Natracare
- Industry: Feminine hygiene
- Founded: 1989; 37 years ago
- Founders: Susie Hewson
- Headquarters: Bristol, England, United Kingdom
- Products: Tampons sanitary pads
- Website: natracare.com

= Natracare =

British feminine hygiene brand

Natracare is a British feminine hygiene brand that produces organic and plastic-free menstrual products, including tampons, sanitary pads and panty liners.

Natracare was founded in 1989 by Susie Hewson. She decided to start the company after watching a television documentary about the environmental impact of dioxins. She arranged a £90,000 overdraft from NatWest. According to Hewson, established feminine hygiene companies tried to discredit research into the health risks of chemicals in menstrual products and engaged in a campaign of "harassment in the media and sending lawyers' letters". In 1996, the company was the first to produce certified organic cotton tampons. The company started producing wet wipes that may be safely flushed down the toilet in 2019. Hewson was awarded an MBE in the 2023 Birthday Honours.
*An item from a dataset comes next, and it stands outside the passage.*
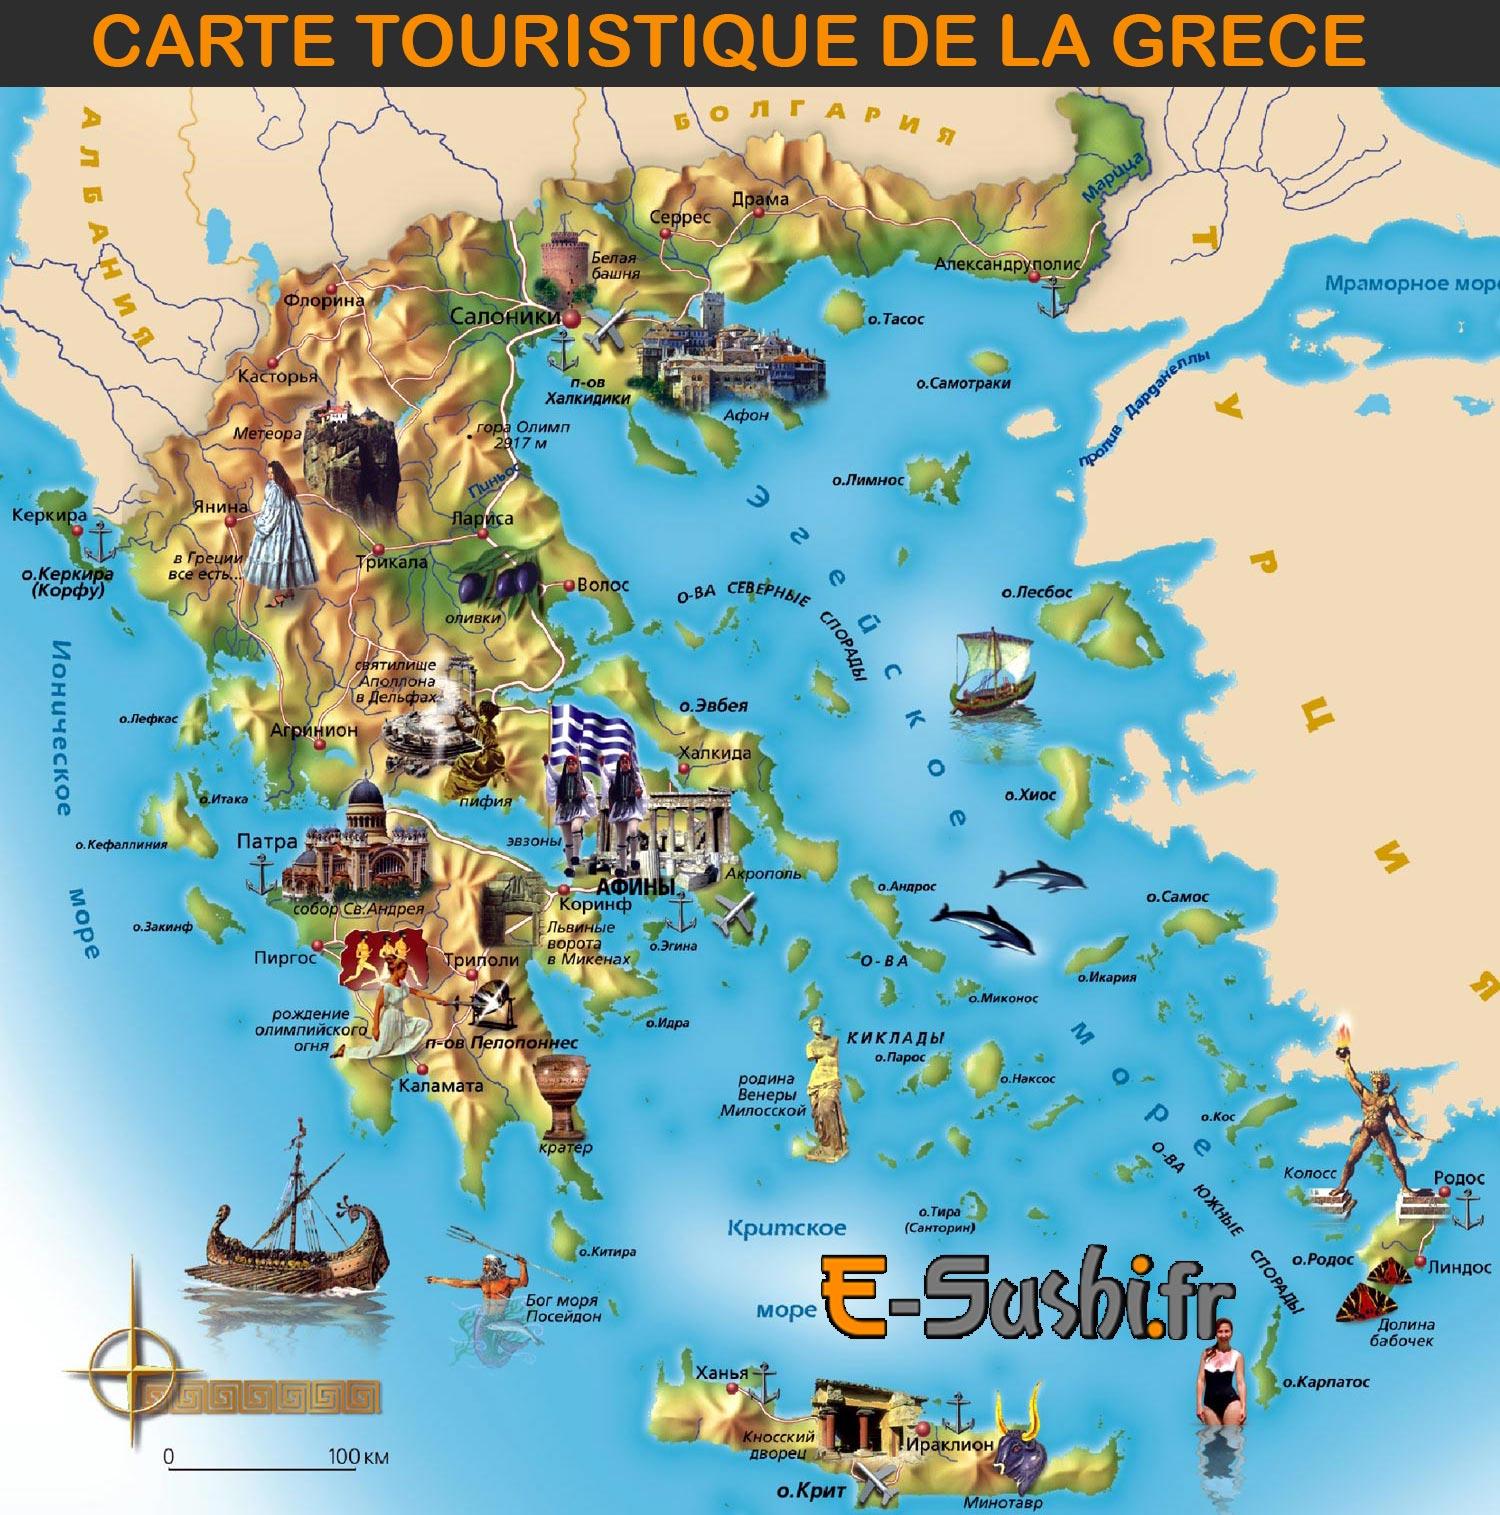 Carte - Grèce touristique

Natracare is part of Bodywise (UK) Ltd, and is headquartered in Bristol. Natracare tampons are plastic-free, made with organic cotton, bioplastics and cardboard applicators that are biodegradable. A 1994 study found that Natracare tampons produced no measurable amounts of the superantigen TSST-1, which causes toxic shock syndrome.

Since 2019, Natracare has been a member of One Percent for the Planet. Natracare was the first non-food product to receive a Korean LOHAS certification. Natracare's makeup removal wipes have received COSMOS certification. The company's wet wipes were the first product to qualify to use Water UK's "fine to flush" symbol. Natracare won The Queen's Awards for Enterprise for export in 2018.

As part of its Project #BeKind campaign, Natracare partnered with the United Kingdom charity Social Farms and Gardens in 2023 for composting trials of its products. Natracare's advertising campaigns have included influencer marketing.